I really identified with the section where you discuss being a teenage mom to Beija. So much of my late teens/early 20s was defined by parenting dogs. What advice would you give to young readers who are in similar positions?

This is some pre-dog advice, if I may: Do not let your emotions guide you into pet ownership.

I will never regret having Beija or being close with her. She shaped me. She was my heart. However, having a dog is a huge responsibility, and I’m not sure if one is necessarily suited for that responsibility before they have a fully formed frontal lobe and know what they want to do with their life. It’s like marrying your high school sweetheart.

You never get the chance to explore and try other things to see if that’s what you really want, because you have lashed yourself to the familiar. It is like both growing up very fast and not at the same time.

So travel, explore, try living alone, trying living with people, read about dogs, walk dogs, volunteer with dogs, figure out your work schedule, and get a good understanding of what kind of dog is best suited for the life you can provide BEFORE you adopt a dog.

Can you tell us a little about your new (ADORABLE!) dog buddy Ponyo who we meet at the very end of Fetch?

Ponyo Georges is a very good dog whom I met at the Oregon Human Society when I went (initially) to look at a very grouchy hoarded poodle. (My best advice is: Listen to the people who work at the shelter about who is the best dog, and do not be swayed by the way a breed looks)

Ponyo is a Chihuahua/Pomeranian/Shibainu mix who was found as a stray in Merced and acts like she’s never known a moment of adversity in her whole life. She loves every stranger and she travels with me everywhere. She loves cartoonists and queer people, in particular. She is blind in one eye but she doesn’t let that stop her!

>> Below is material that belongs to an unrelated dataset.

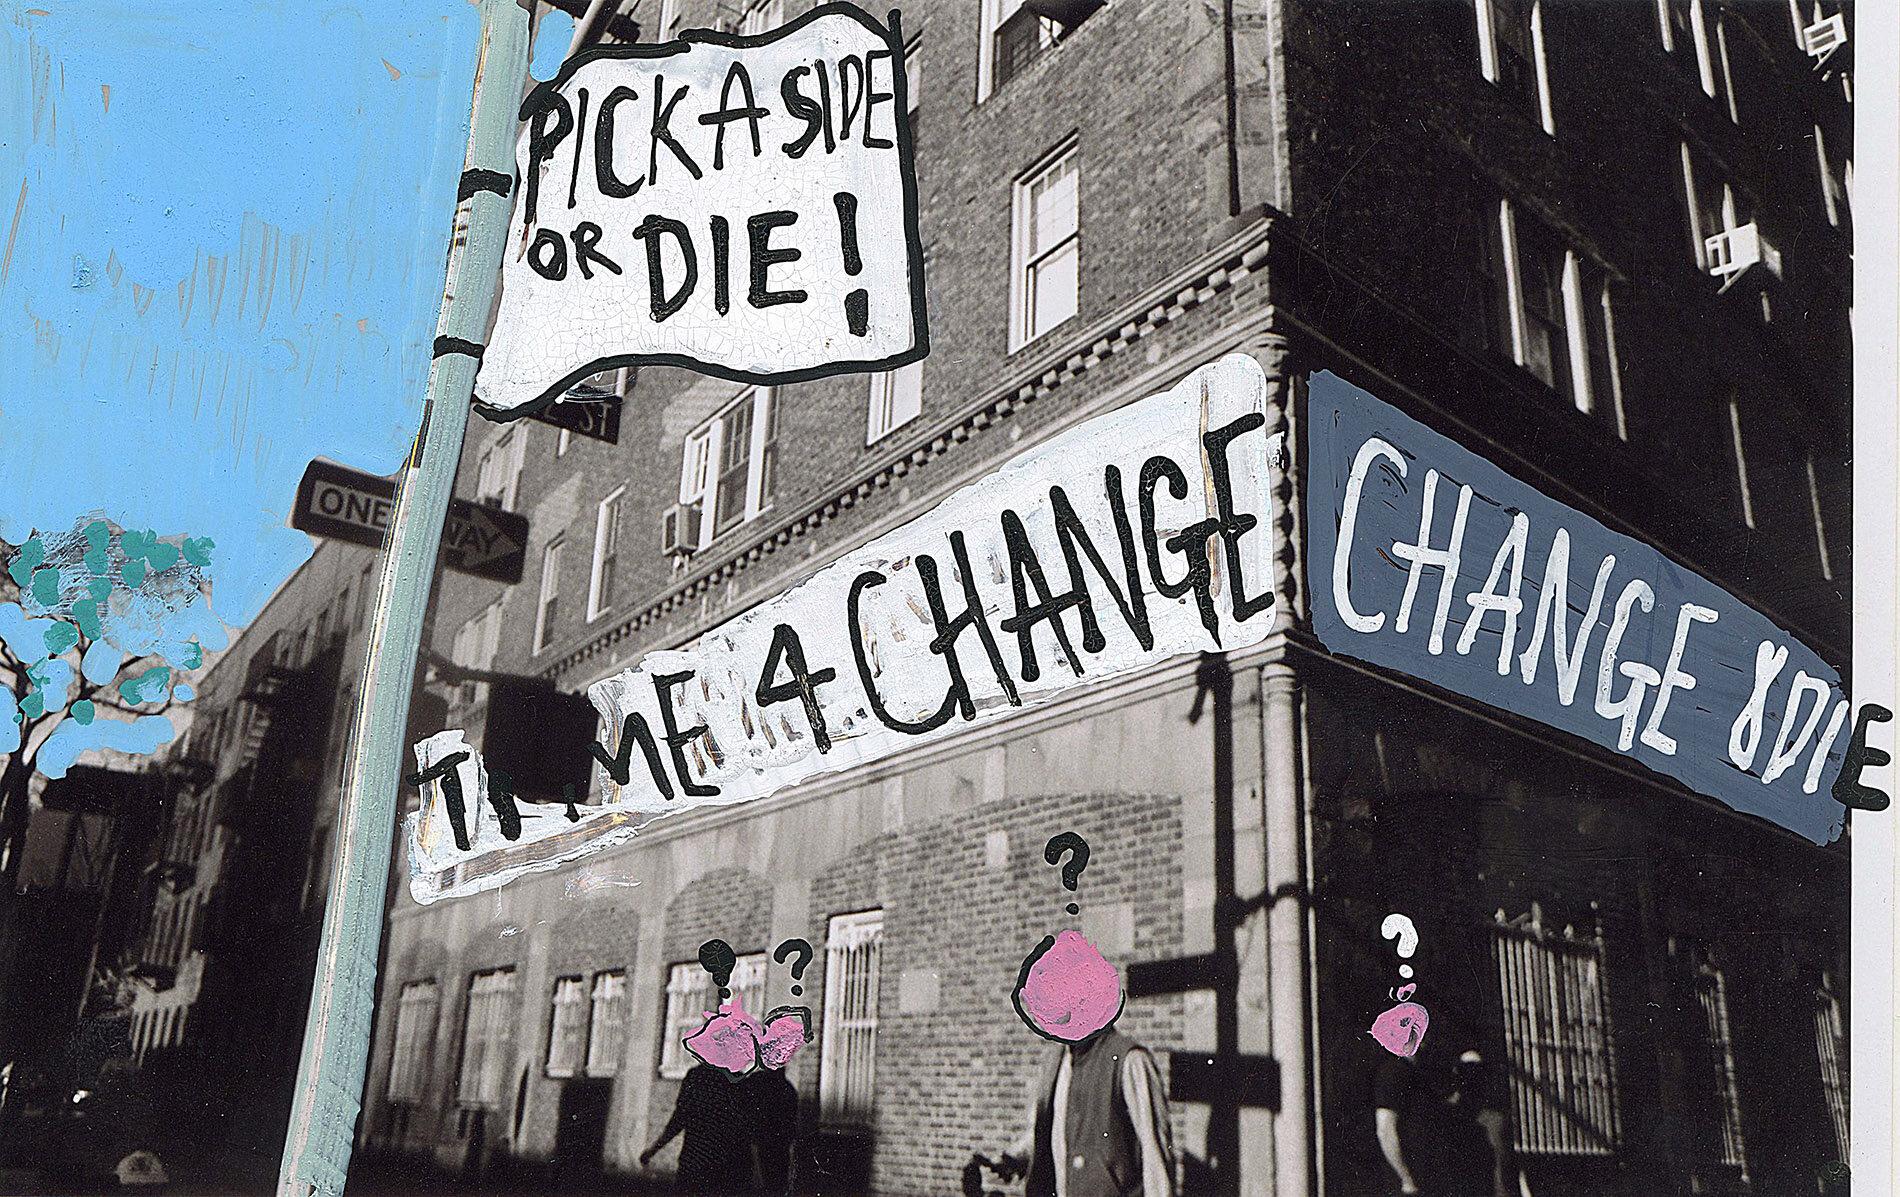 'Change or Die' 2015, Berlin, Inkjet photograph & Acrylic, 10x15cm
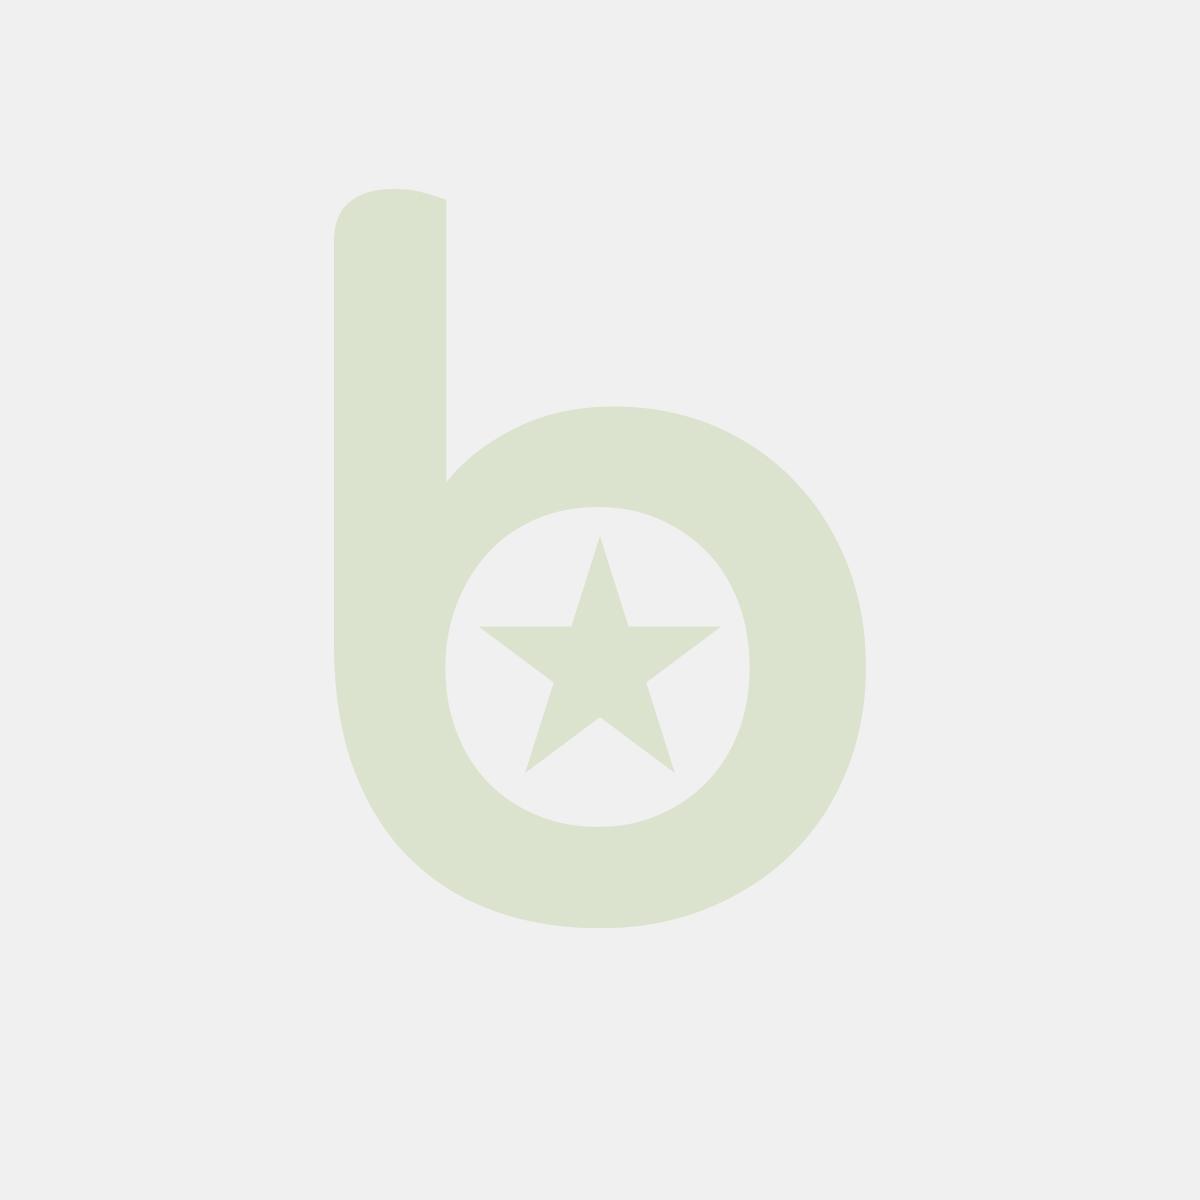 FINGERFOOD - pucharek PS kwadratowy 50ml transparentny 4,5x4,5x5 op. 384 sztuk

What is Ponyo’s favorite treat?

Ponyo lives for fetching, so the kindest thing you could do for her is to throw a tennis ball or a bone. As for food, she likes disgusting things like a fish skin, any meat that a stranger will feed her (I’m vegan, so my treats are way boring and if you give her roast beef she will disown me and become yours forever), or any tiny bite sized training treat.

Anything else you would want to say to a (mostly) lesbian readers?

Be nice to animals, and Sisterhood is powerful!